History is never as clear as we would like it to be.  Everyone loves to study World War 2 and the battle against the Nazis because it presents us as the “good guys” in a manner that is about as clear as any historical event would ever be.  Almost every other event has many shades of gray, and much more complexity to consider.  It is often presented through a biased lenz, but I have found out through further investigation that there is quite frequently more to the picture that what is commonly presented in history class, the media, or any other common discussion.

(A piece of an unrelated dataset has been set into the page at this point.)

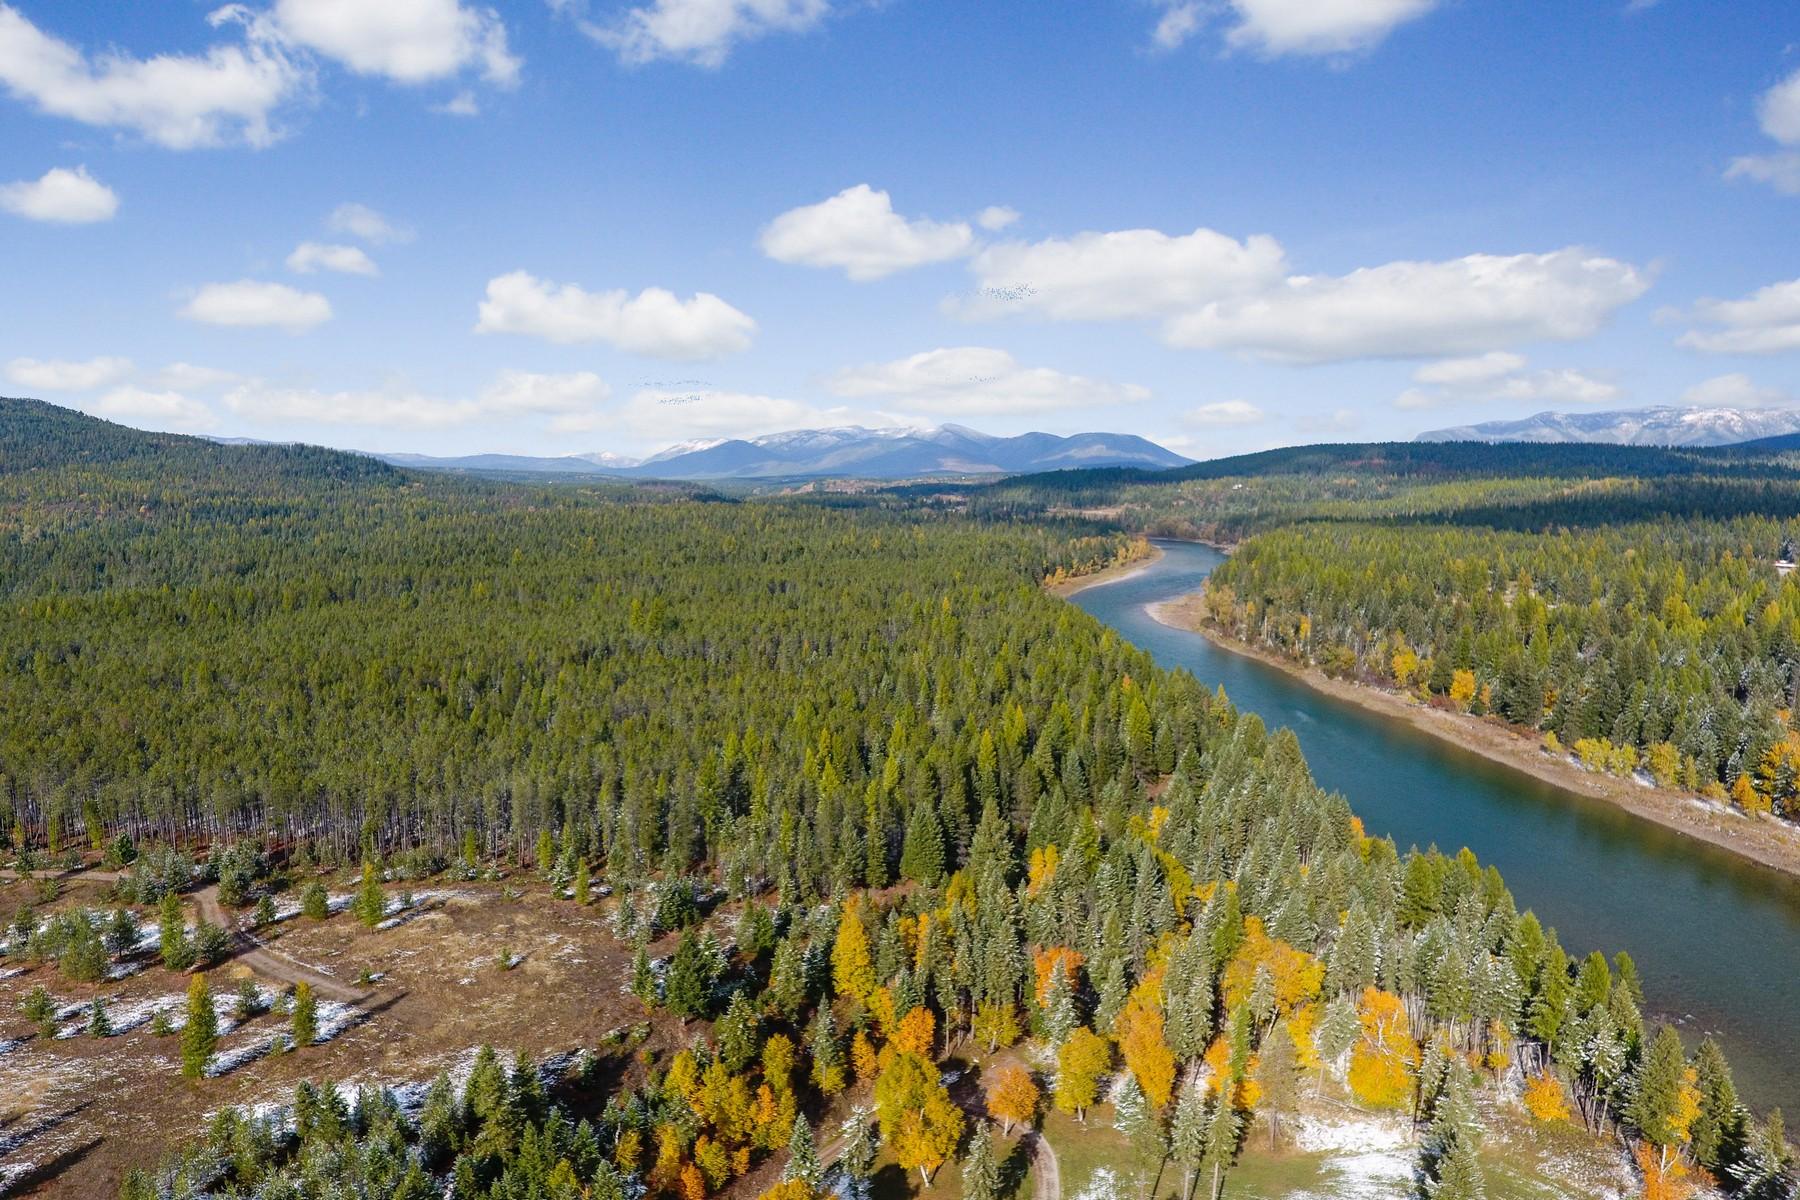 Terreno por un Venta en Gated Flathead River Ranch Acreage 1451 Lake Meadow Way Columbia Falls, Montana 59912 Estados Unidos
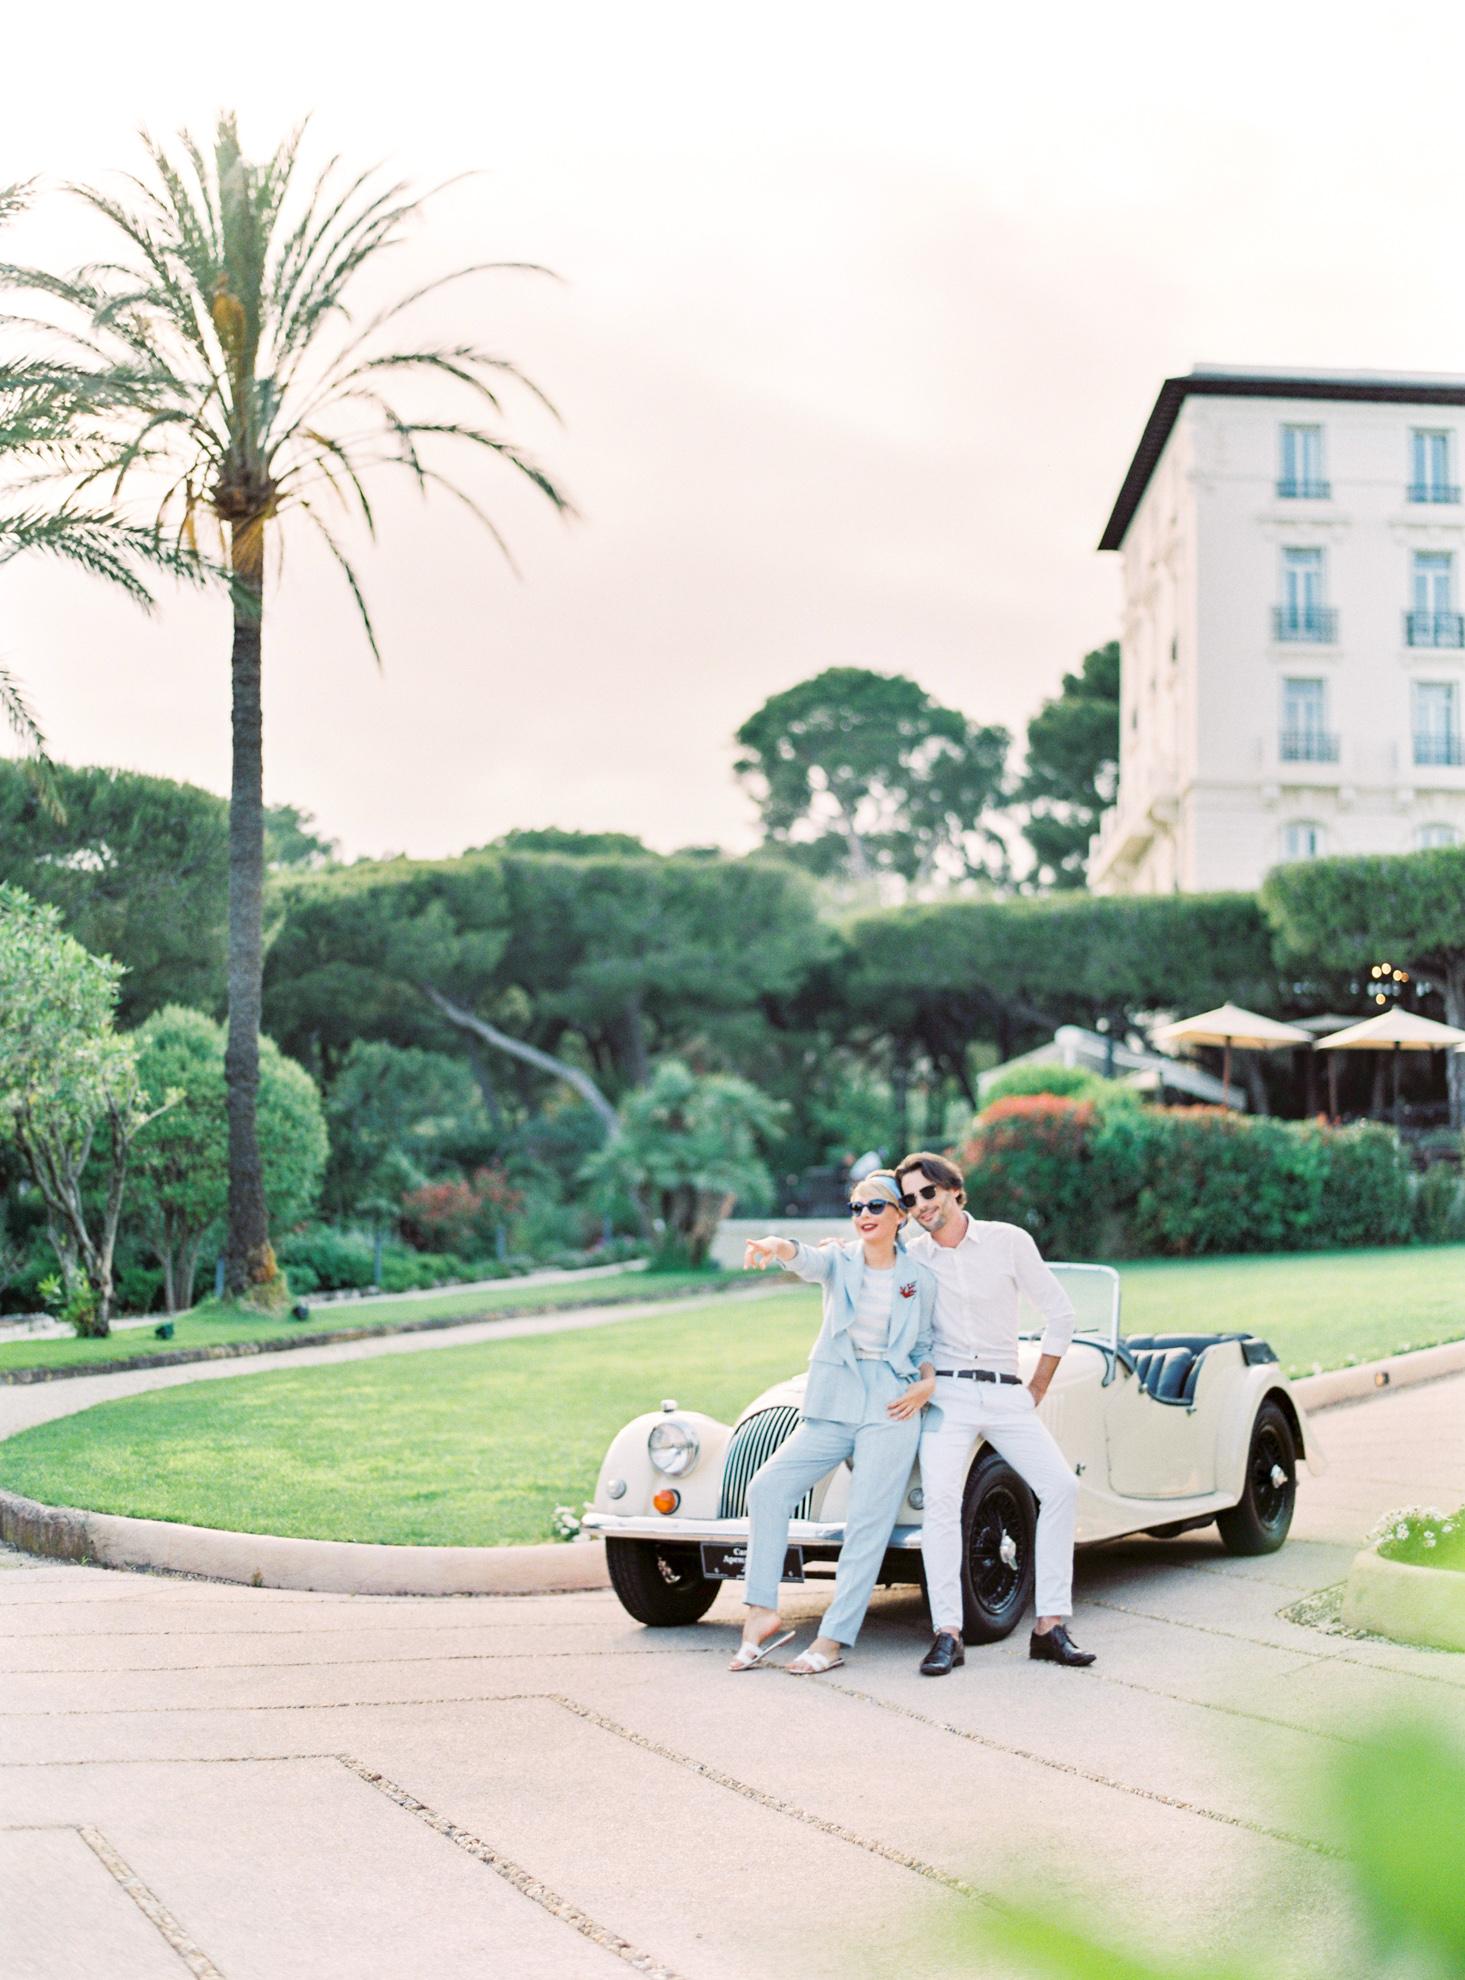 059 Grand Hotel du Cap Ferrat Fine Art Engagement Photography Session by Tony Gigov

This bias, of course, is no more evident than my own thoughts earlier in this blog about how Massachusetts “history” started in 1620, while Wyoming “history” started with the first fur traders in the 1790s.  Both those places had been occupied by native tribes prior to those dates, which represents the first time European settlers entered the picture.  They may have a rich history as well, with stories of conflict, adversity, triumph, courage, and even some questionable actions, much like our own story of these places over the past few centuries.  But, I don’t know the story.  Maybe it’s been forgotten, maybe someone still knows it, but the rest of us Americans of European descent just don’t care.  Heck, I find that many people don’t even care about the history our direct descendants were directly involved with, let alone a history of our land that has basically been erased over the past few centuries.

I’ll probably never know that story, and there are probably many aspect of the story of the settlers of the 1800s that I am not aware of.  But, going to places like this does give some perspective, and encourages many of us to think about our history; the good, the bad, and the questionable.  History is not something that can be changed, but learning it gives us all a little bit of perspective.  As Bob Marley put it “if you know your history, then you’ll know where you’re coming from”.